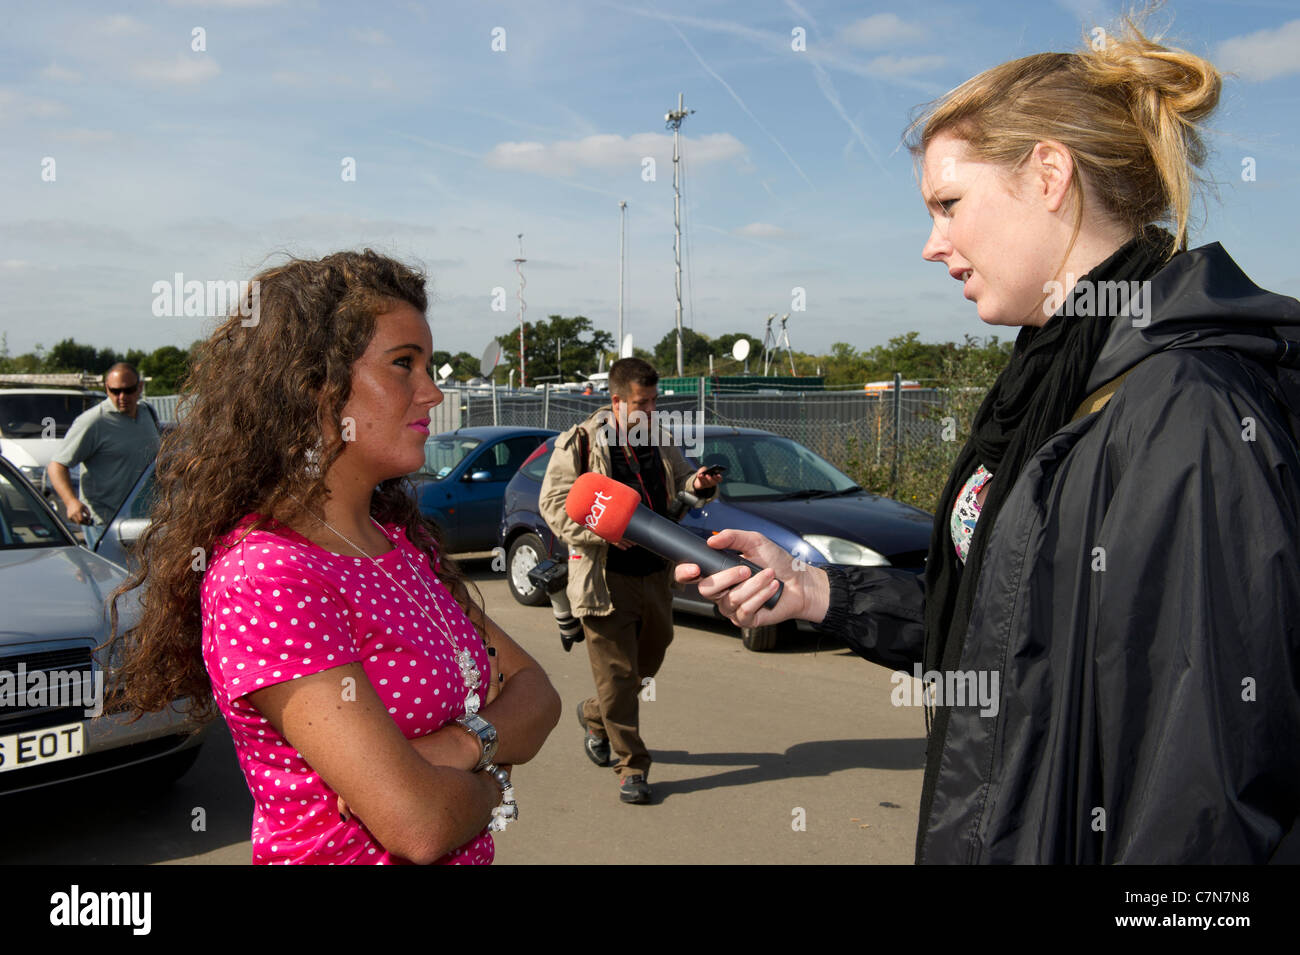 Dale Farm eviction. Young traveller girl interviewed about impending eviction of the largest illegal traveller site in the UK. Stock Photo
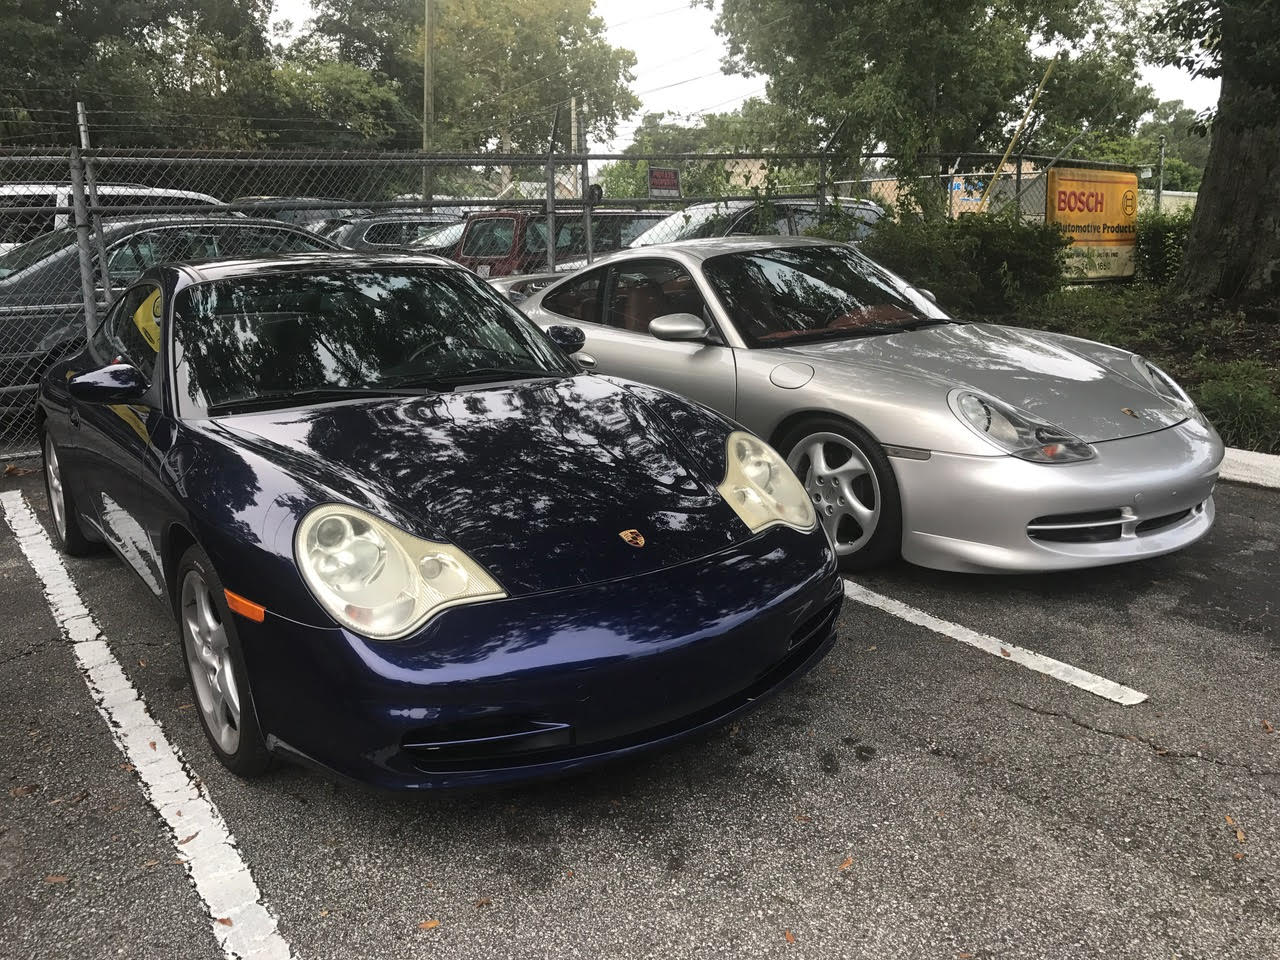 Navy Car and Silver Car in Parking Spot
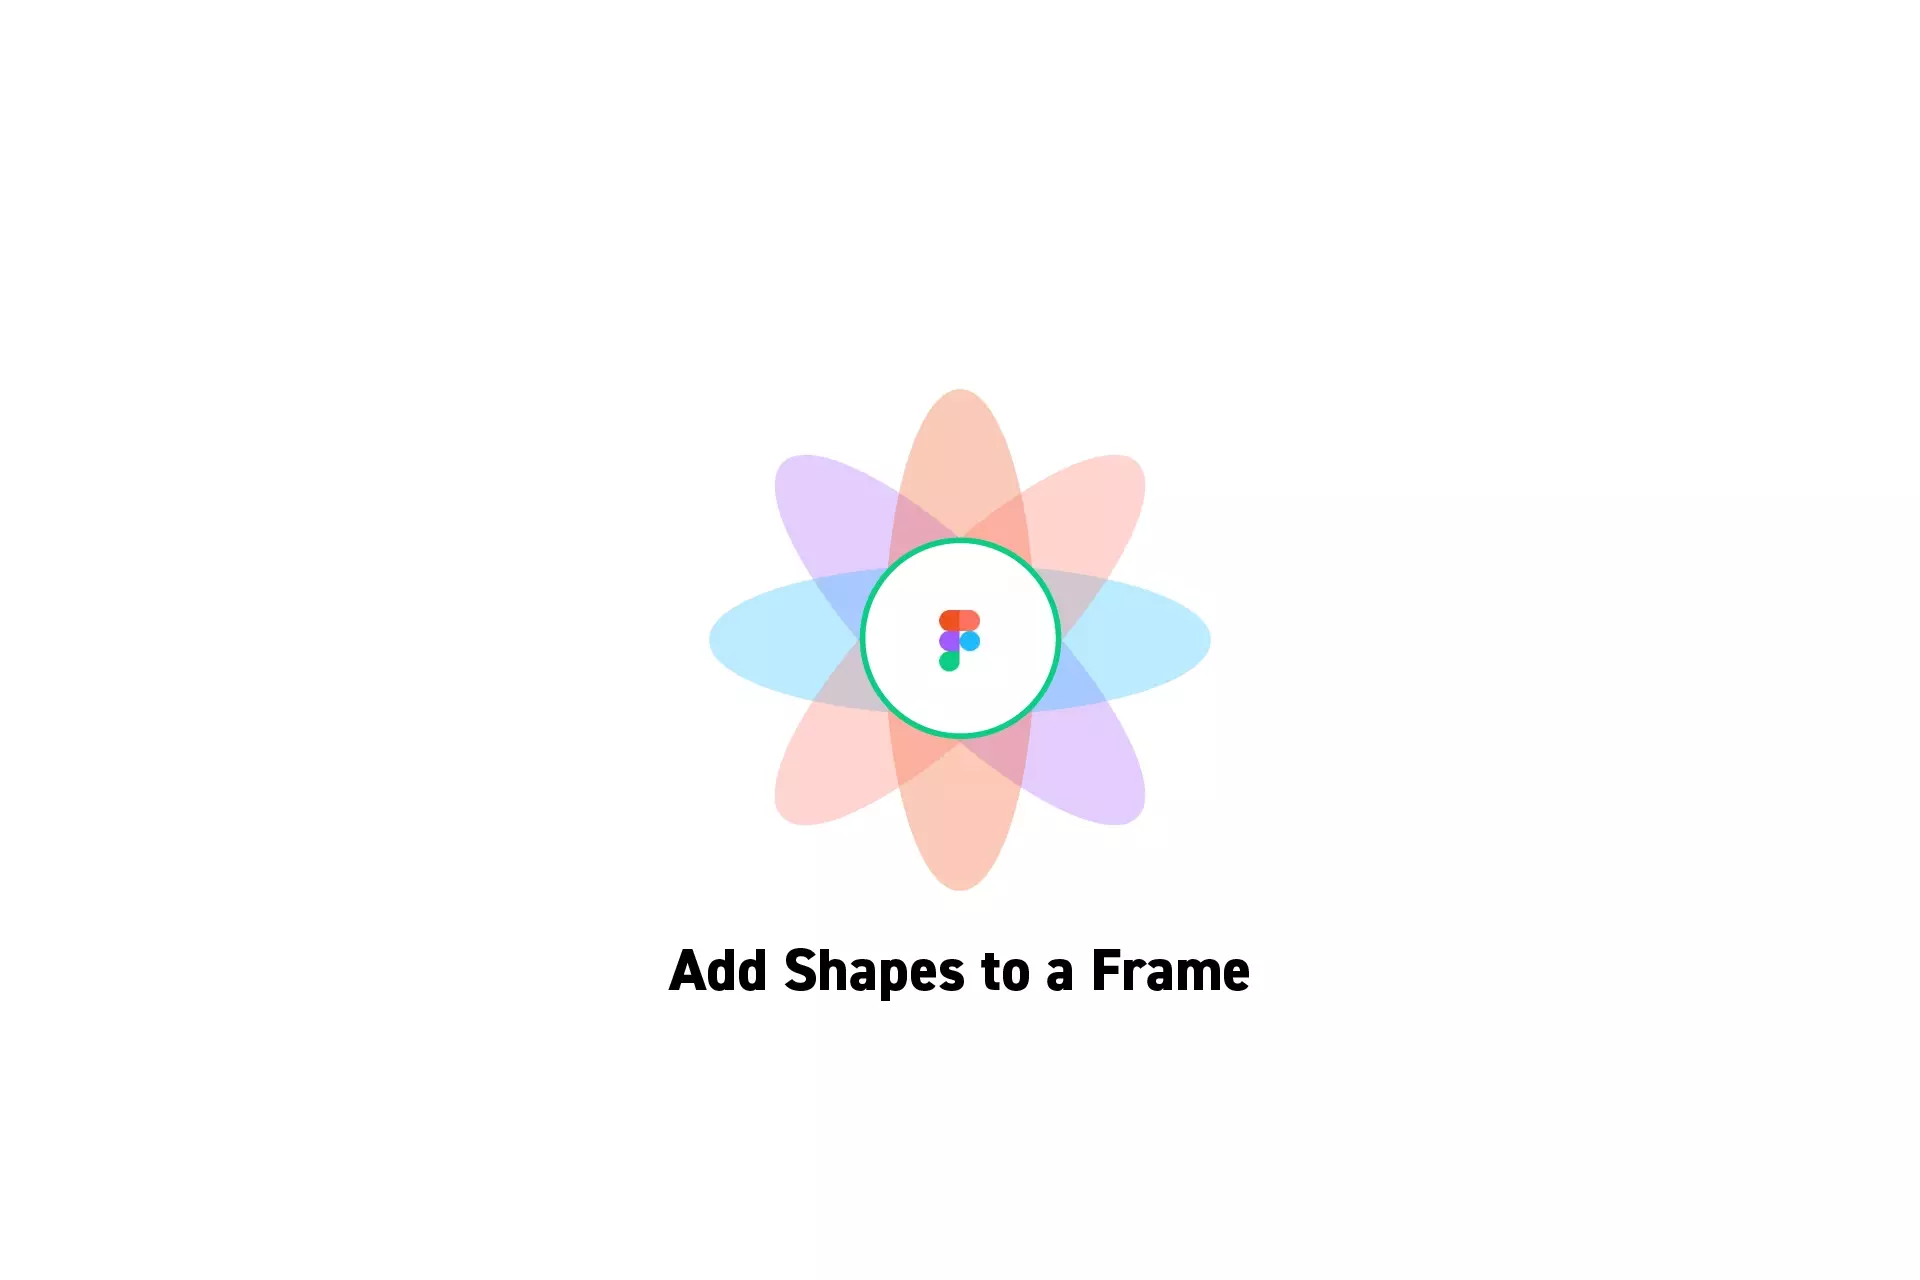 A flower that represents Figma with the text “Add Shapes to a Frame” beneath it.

Directions
From the data above, write out everything exactly except the pictures.

Exercise result
 Dale Farm eviction. Young traveller girl interviewed about impending eviction of the largest illegal traveller site in the UK. Stock Photo
 Navy Car and Silver Car in Parking Spot
 A flower that represents Figma with the text “Add Shapes to a Frame” beneath it.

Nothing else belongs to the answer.